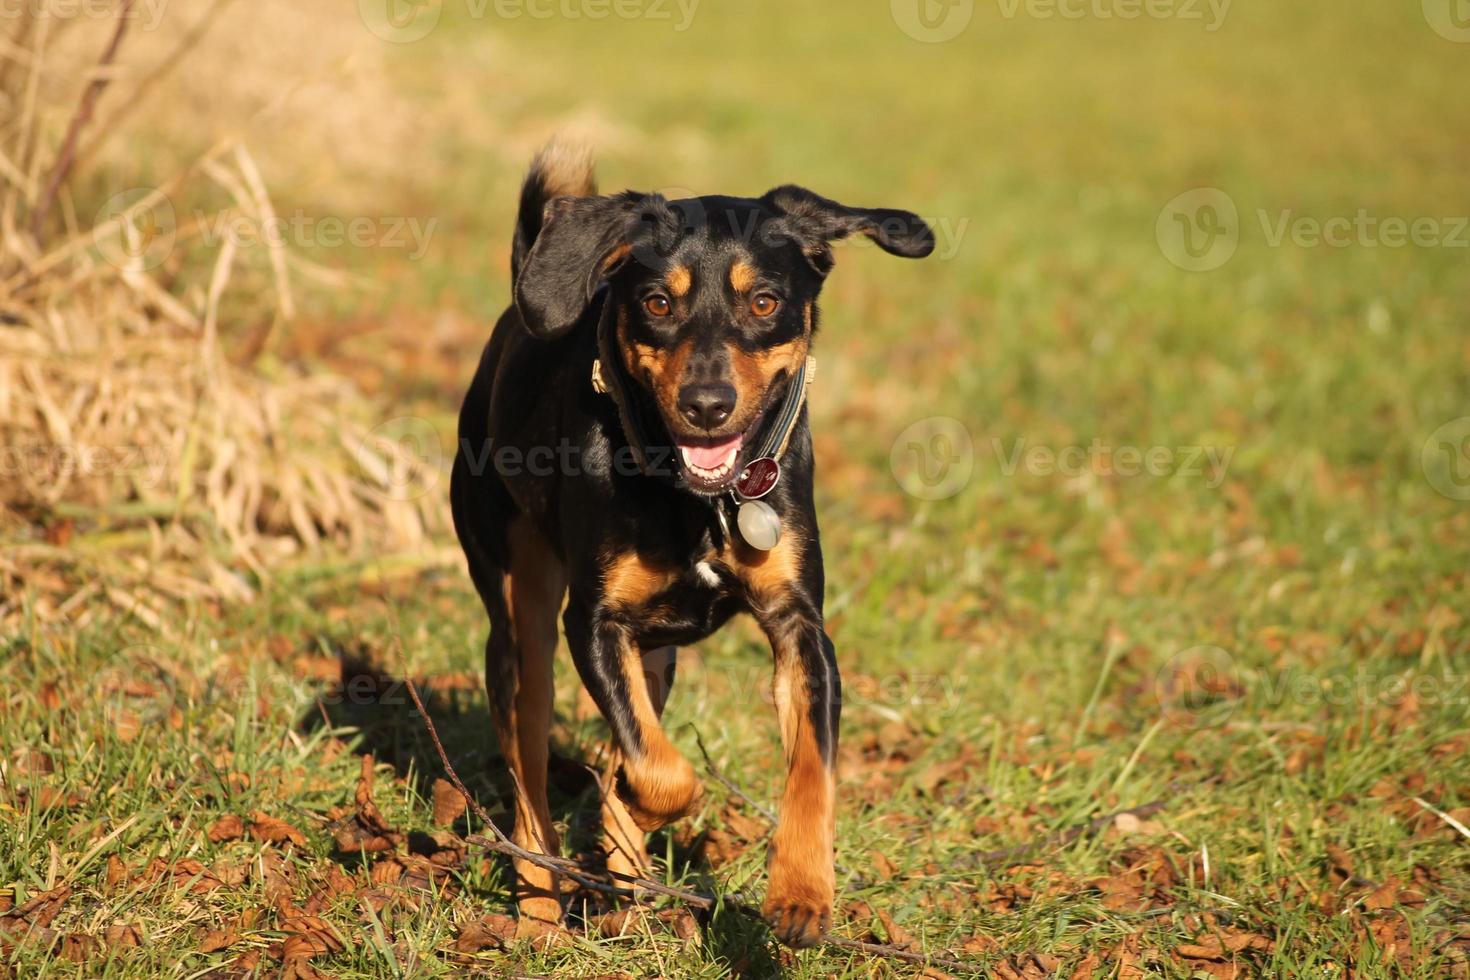 hund rennt auf traidor zu. cachorro correndo - vista frontal foto
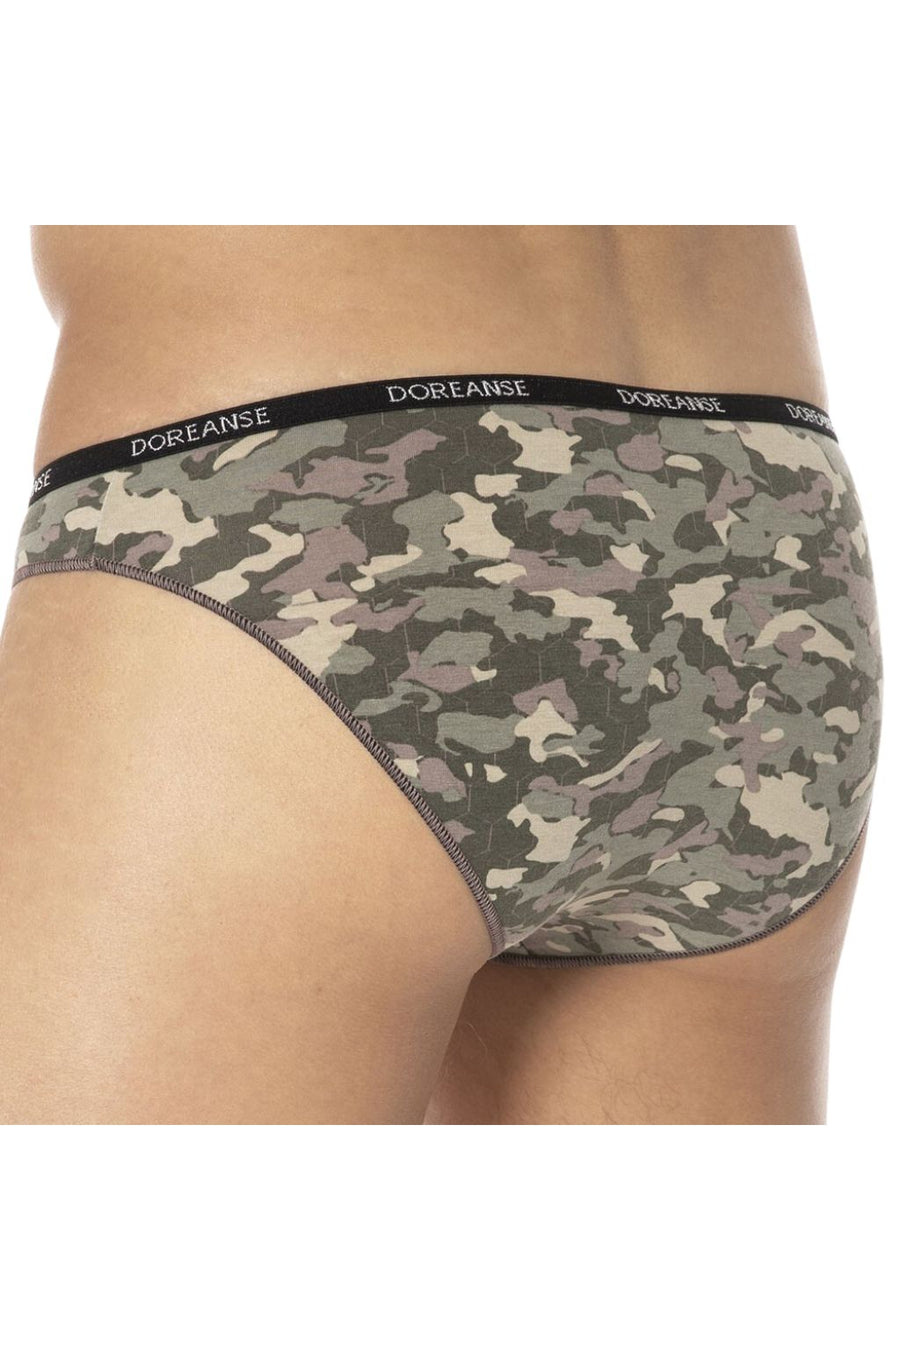 Man Mini Briefs Underwear Arrival Male Sexy Camouflage Bikini
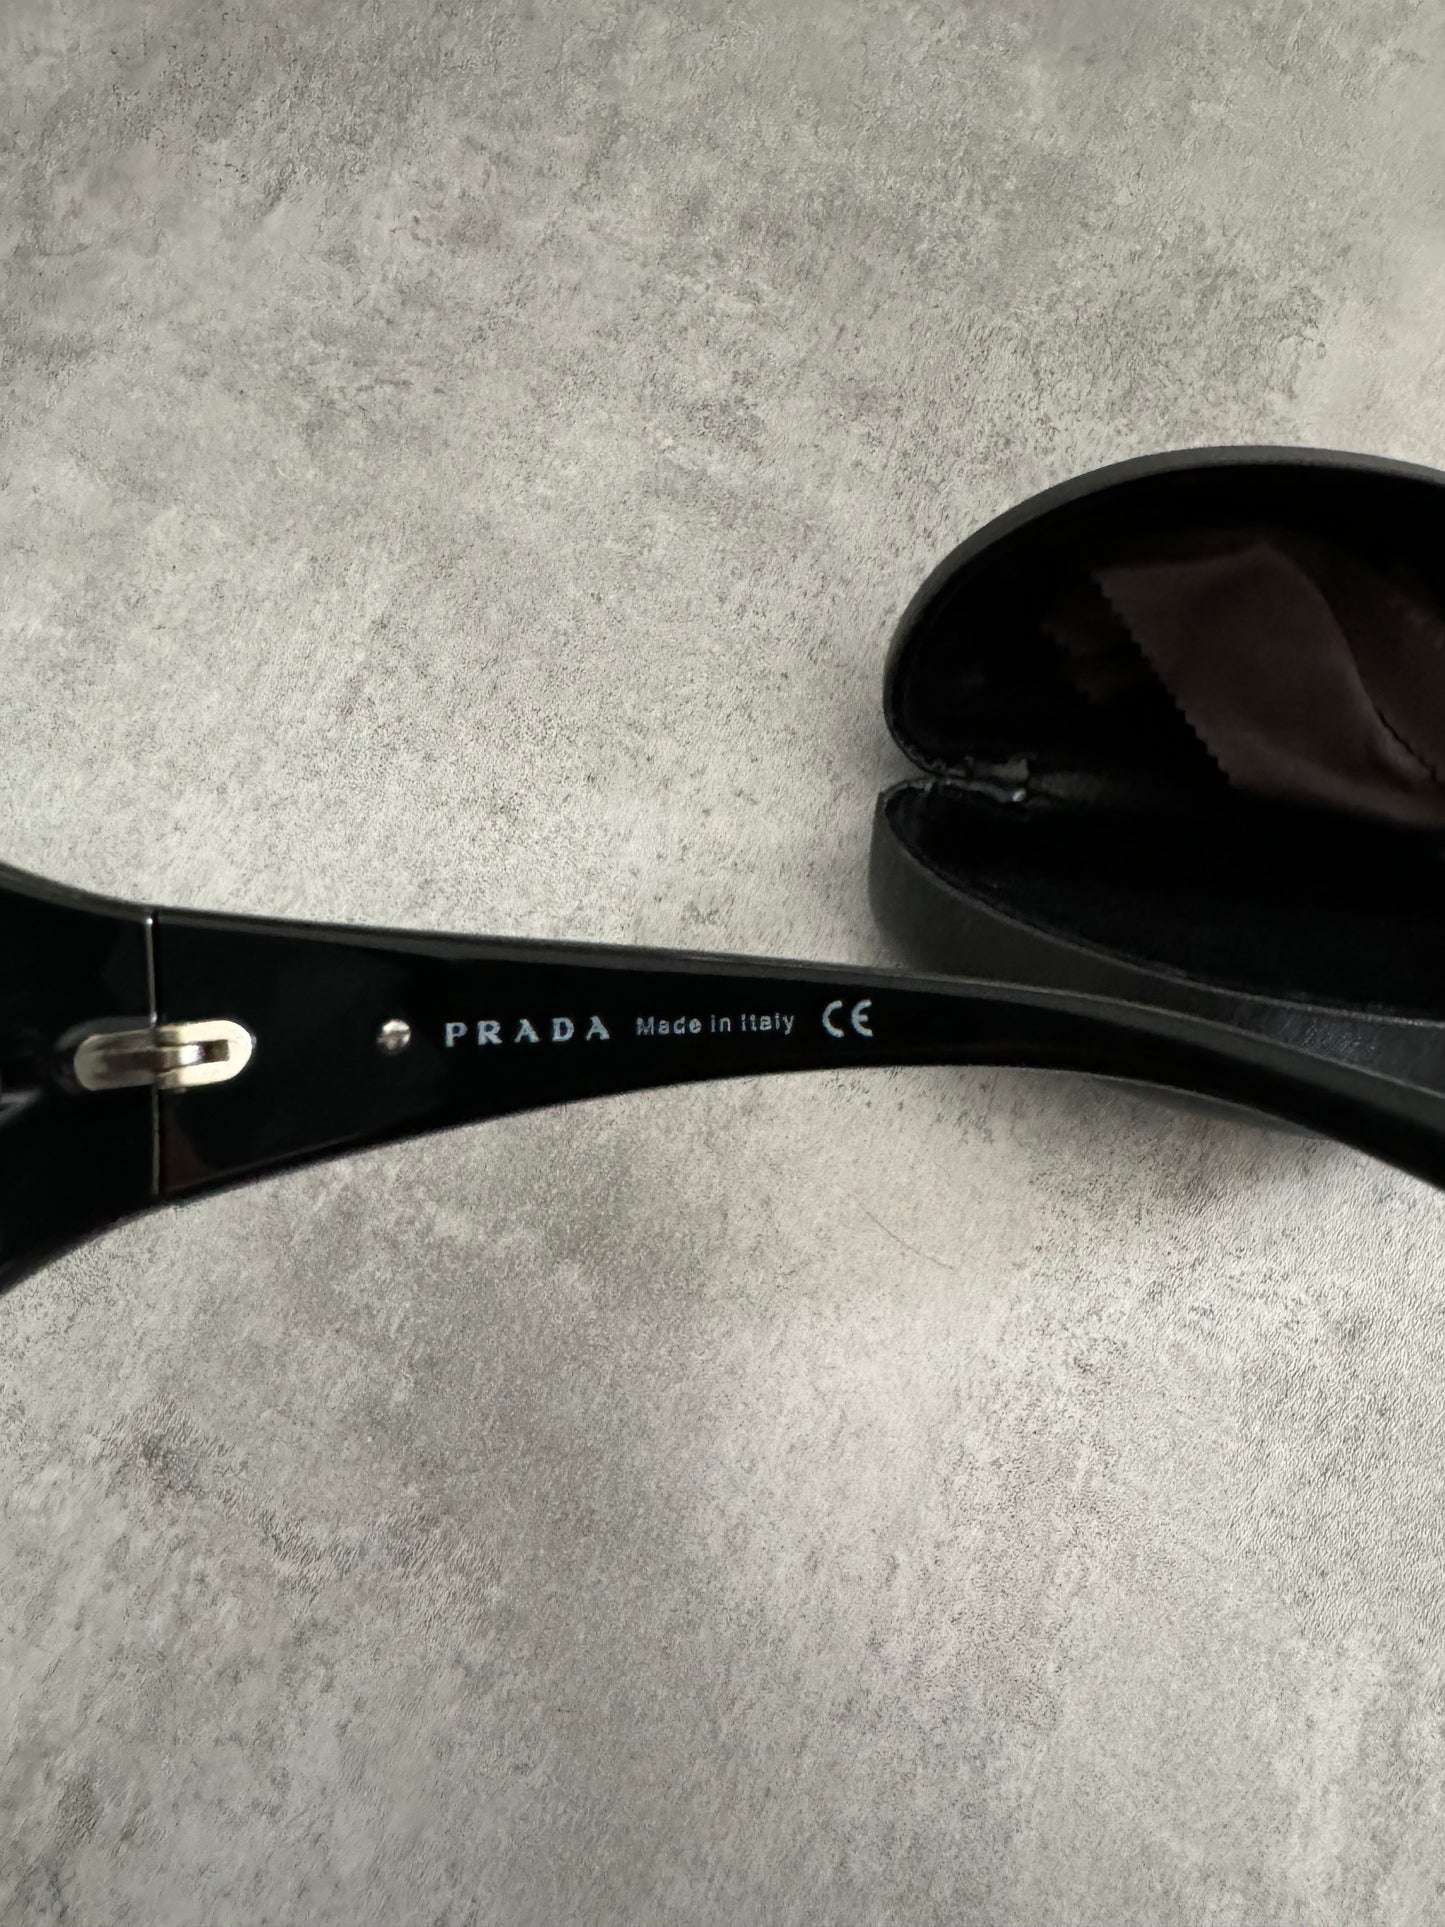 2000s Prada Pure Black Sunglasses (OS) - 6
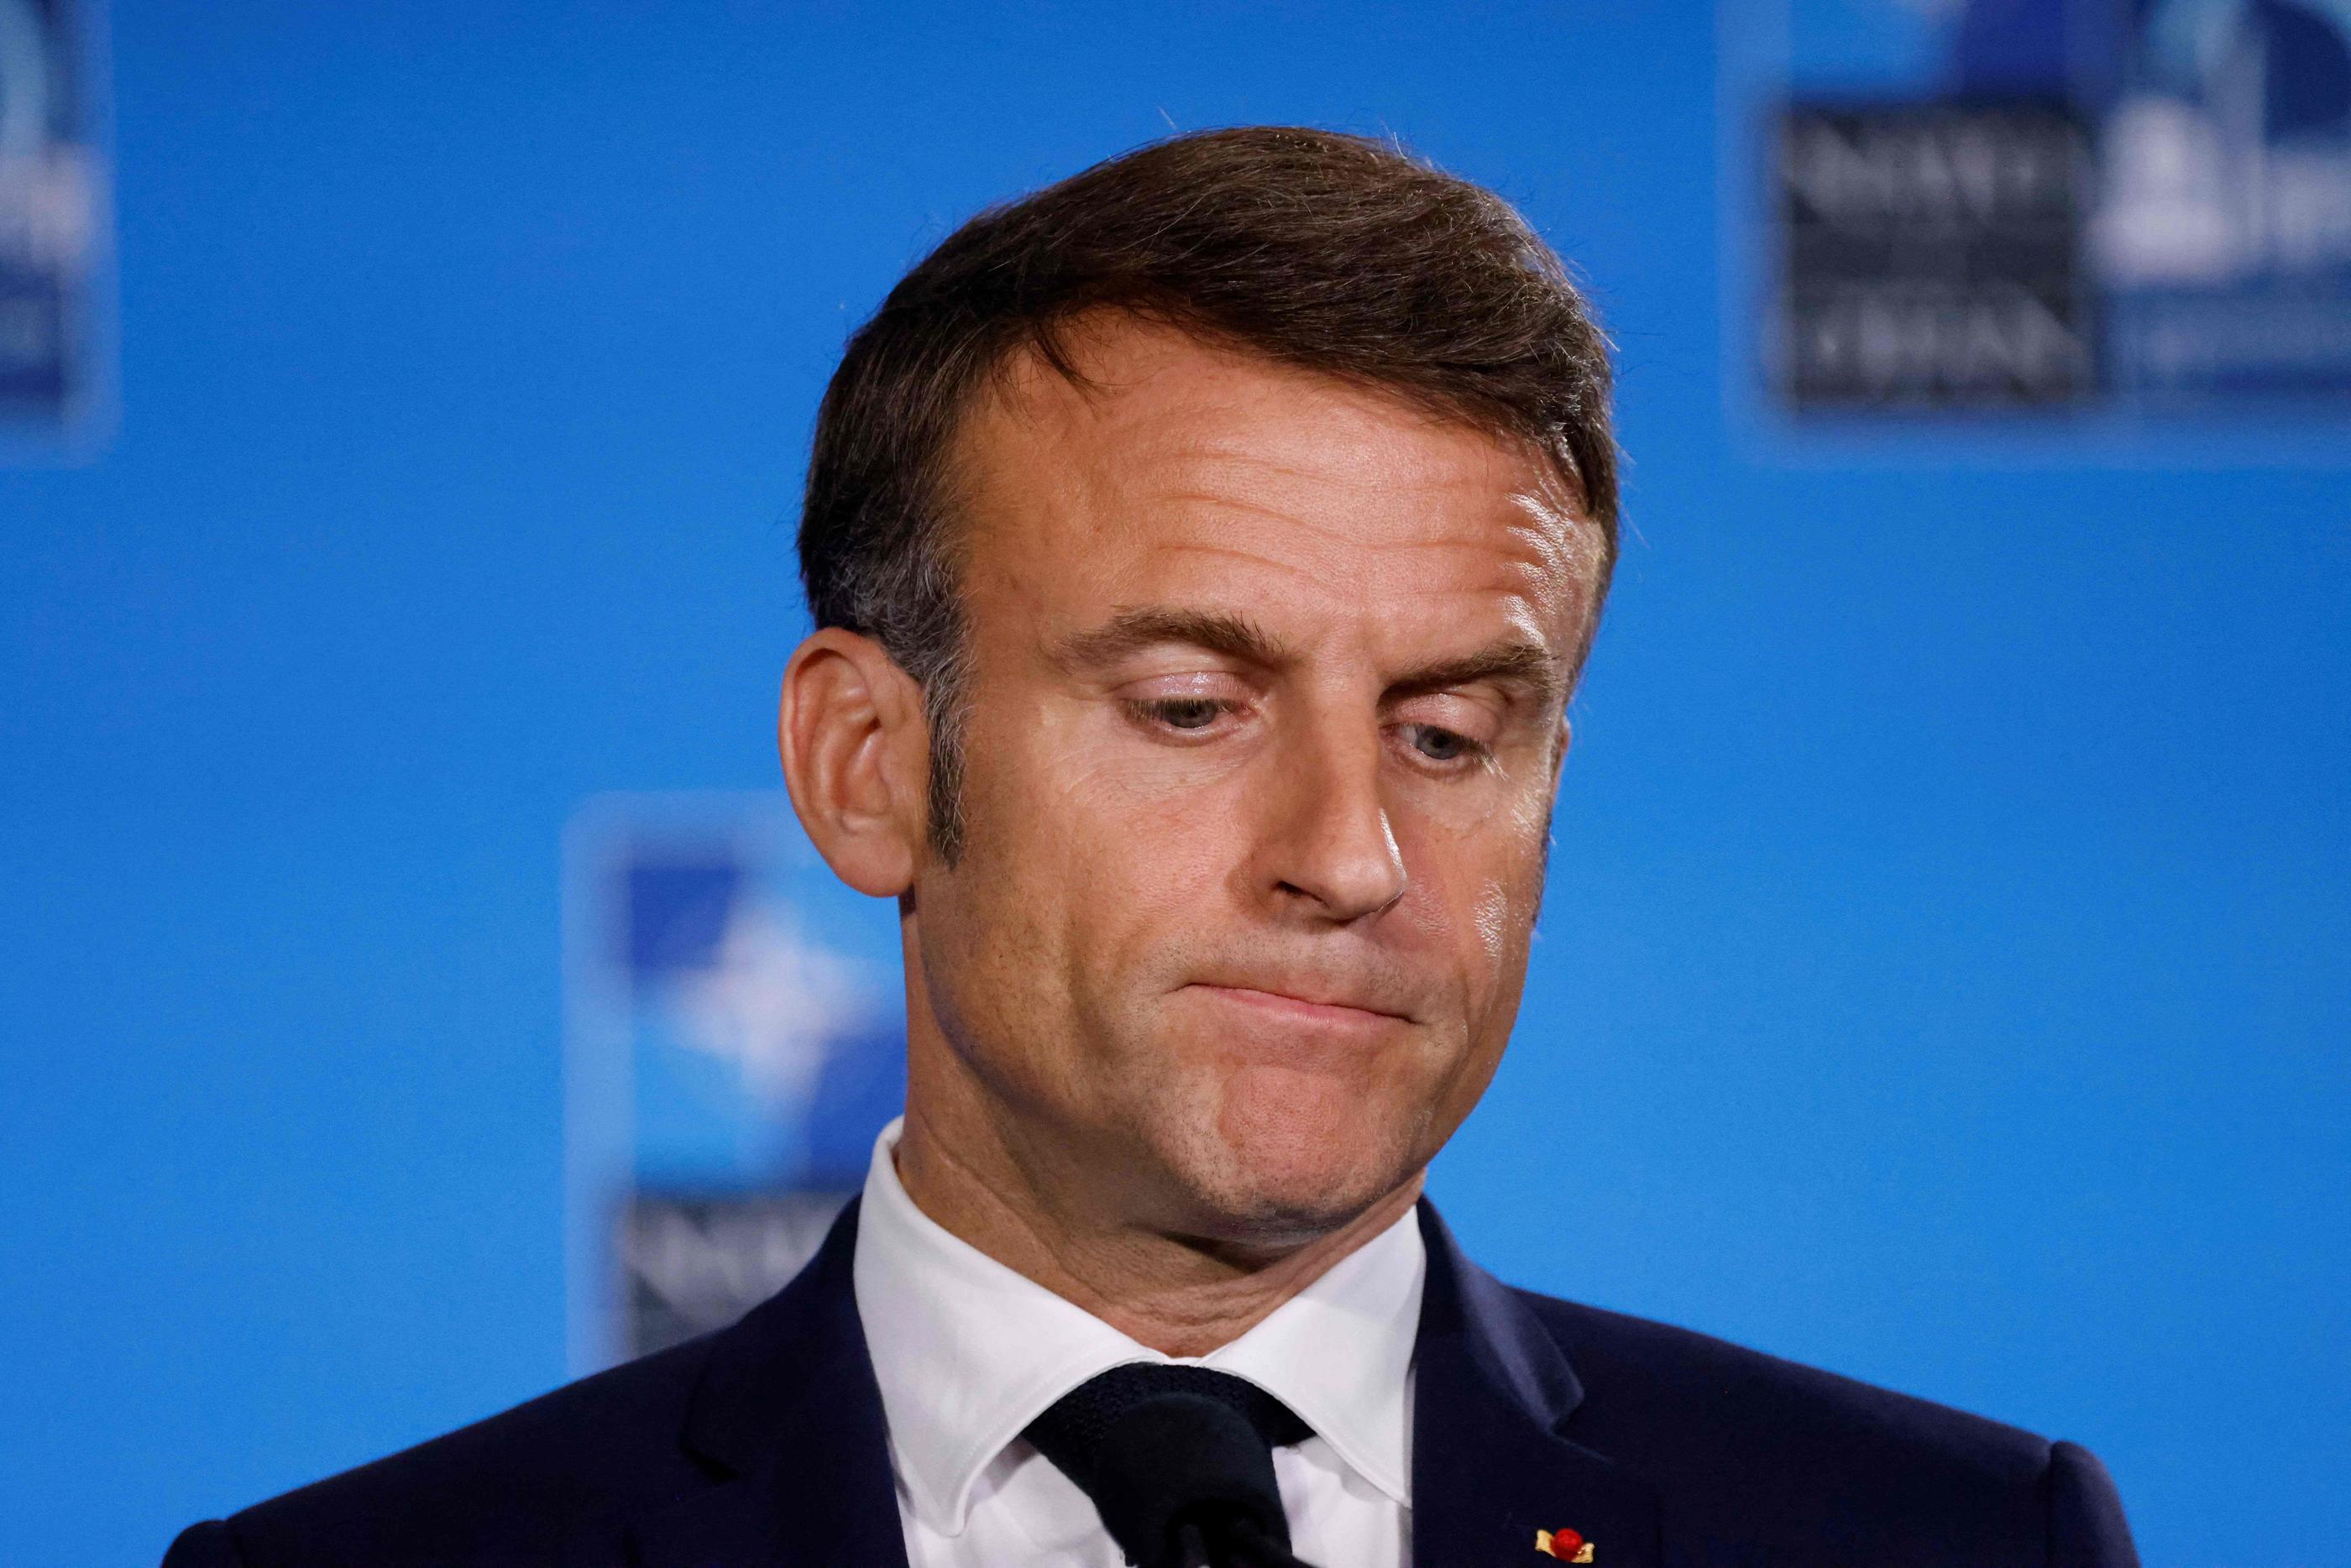 «On fait exactement ce que nous reprochions aux autres avant d’arriver au pouvoir en 2017», a déploré, selon des participants, Emmanuel Macron (ici à Washington jeudi), décrit comme très en colère. AFP/Ludovic Marin
---+---
REQUIREMENT: The full material above must be output verbatim, minus any pictures.

ANSWER BOX:
 hund rennt auf traidor zu. cachorro correndo - vista frontal foto
 Man Mini Briefs Underwear Arrival Male Sexy Camouflage Bikini
 2000s Prada Pure Black Sunglasses (OS) - 6
 «On fait exactement ce que nous reprochions aux autres avant d’arriver au pouvoir en 2017», a déploré, selon des participants, Emmanuel Macron (ici à Washington jeudi), décrit comme très en colère. AFP/Ludovic Marin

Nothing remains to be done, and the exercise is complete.